I'm a man in need of help!

Unfortunately my IT guy has had to leave for a family emergency and isn't contactable but he seems to have left me a bit stuck.

(Firstly i'm not a Linux guy and am even out of date on windows too)

We have a gentoo box that runs a number of our internal routines. Some of the services started misbehaving so following my IT guys printed dummies guide for me I restarted SQL etc etc.....no joy.
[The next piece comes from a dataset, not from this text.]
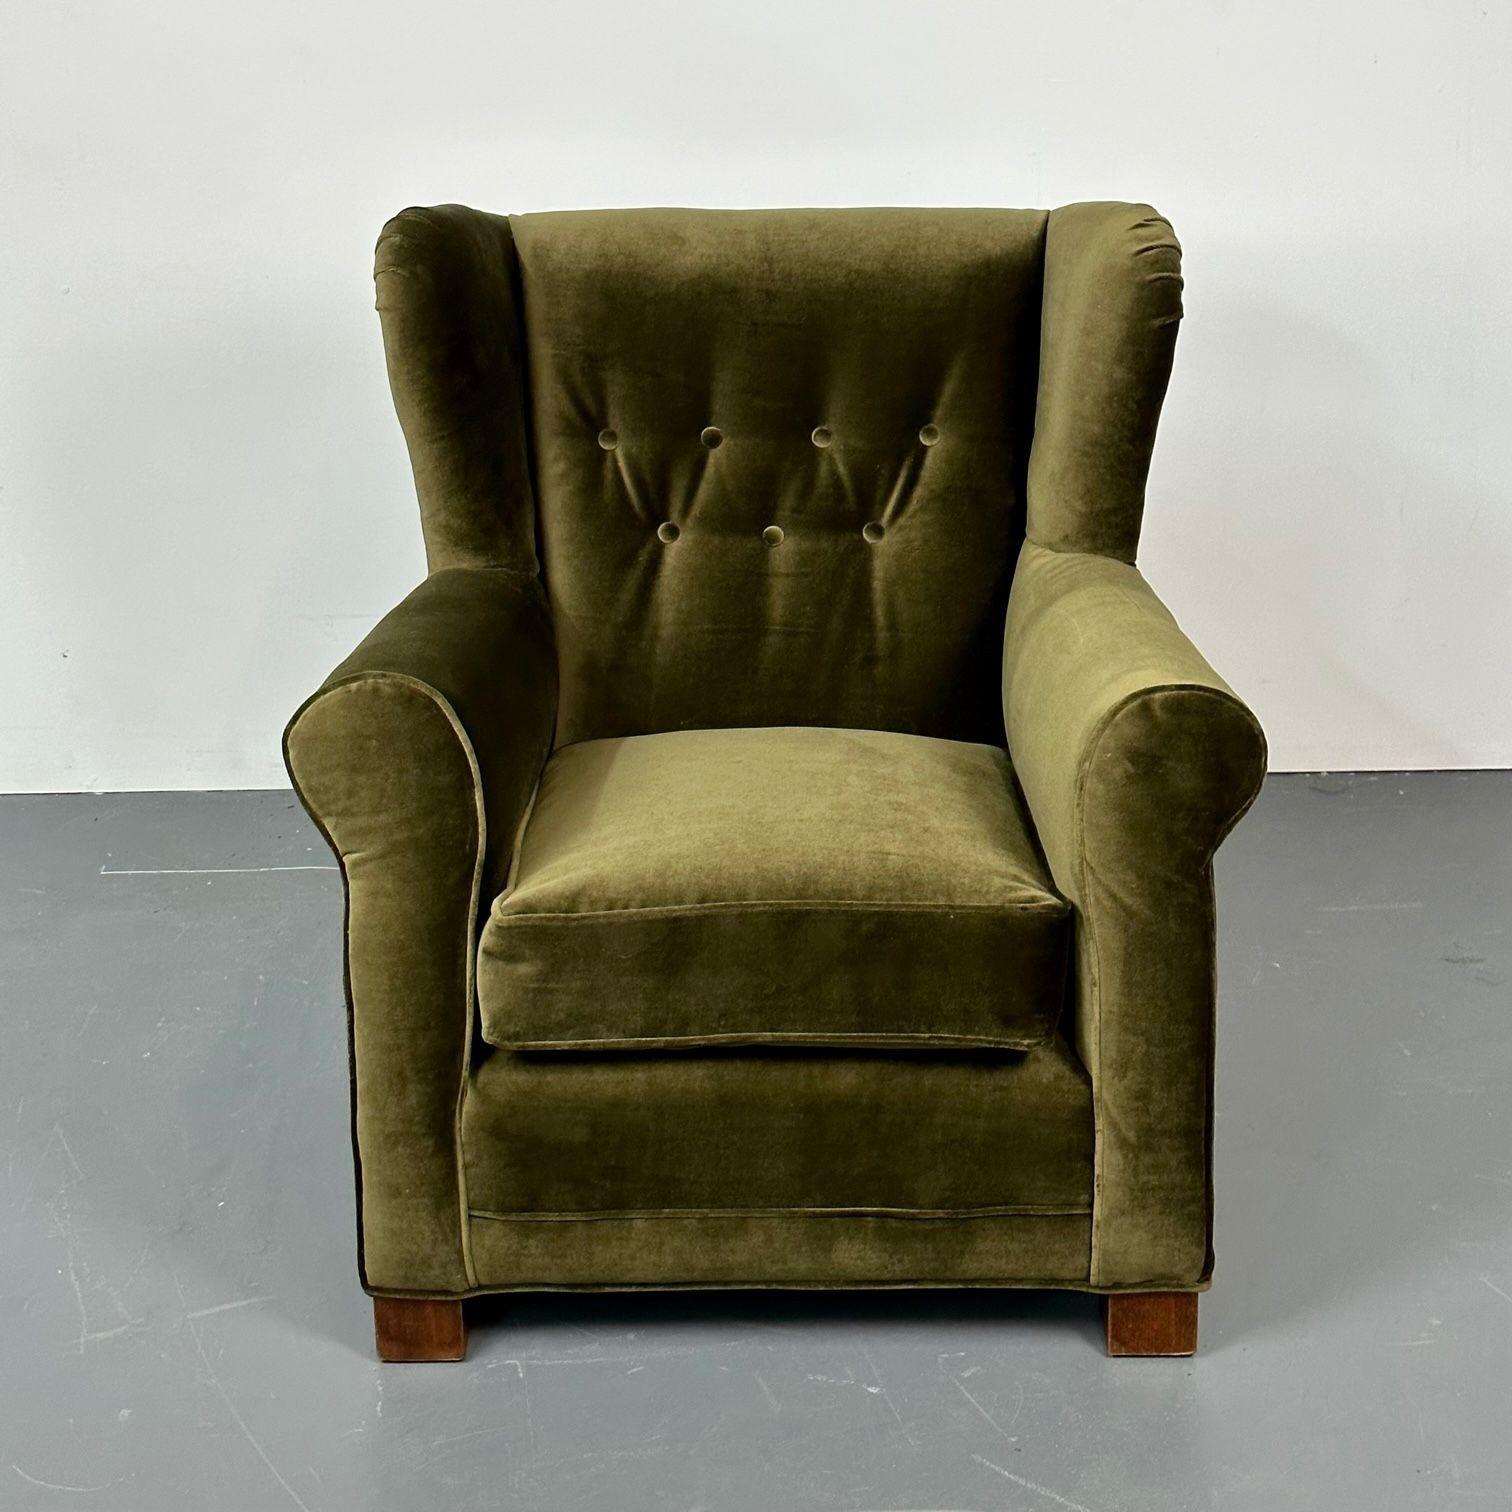 Danish Cabinetmaker Wingback / Lounge Chair, Scroll Arm, Fritz Hansen Style
Green velvet wingback lounge chair designed and produced in Denmark, 1940s. Modern and oversized, this newly upholstered lounge chair will work great in either a mid-century

That's about the limit of my skills

The last step on his dummies guide was to reboot.  Did that and all the kernel boot options fail with "CONFIG_DEVTMPFS=y is required in your kernel configuration".

So I now have a dead server with no way to boot, a p**sed off girlfrined as i've just cancelled our holiday and customers not getting their orders!

I've managed to find from the help on the forum here that the flag needs to be set in the kernel config and re-compiled.

But that's probably a little bit out of my league without a keypress by kepress assist.....is there any other options? downgrading Udev, would that help and is that something i can do if i bypass udev in Interacive boot?

Apologies if it sounds like I don't know what i'm talking about, it's because i dont.  Any help would be much appreciated.

----------

## DaggyStyle

check this, http://www.gentoo.org/doc/en/kernel-upgrade.xml

it should give you some info, be sure to select the right method if you use kernel selection (manual or genkernel)

----------

## alanu

Thanks Daggy

I guess the problem is i can't even get to a login point to be able to go through the guide.

When it boots i can get direct to Bash or bypass Udev in Interactibve and i'm guessing end at bash too but without Udev running am it looks like i'm missing access to all the programs like emerge and the whole source folders etc?

I'm trying to go from zero linux knowledge to compiling kernels in two hours....not a good idea!

I've tried the gentoo live DVD but that doesn't seem to bring up the drives either, is there a way I can get to a position to similar to the start of the link you sent?

thanks again

----------

## lexflex

 *alanu wrote:*   

> 
> 
> When it boots i can get direct to Bash 

 

If you can get to bash, you should be able to use all kinds of commands....... 

Otherwise, boot from the live-cd's as a comand-line user or go to a shell-terminal so you can use bash if you are in some graphical environment.

Then mount the system as described in de Gentoo manual and use chroot (see chapter 6):

http://www.gentoo.org/doc/en/handbook/handbook-amd64.xml?full=1

After thius, chroot into the system and you should be able to use emerge etc.

Alex.

----------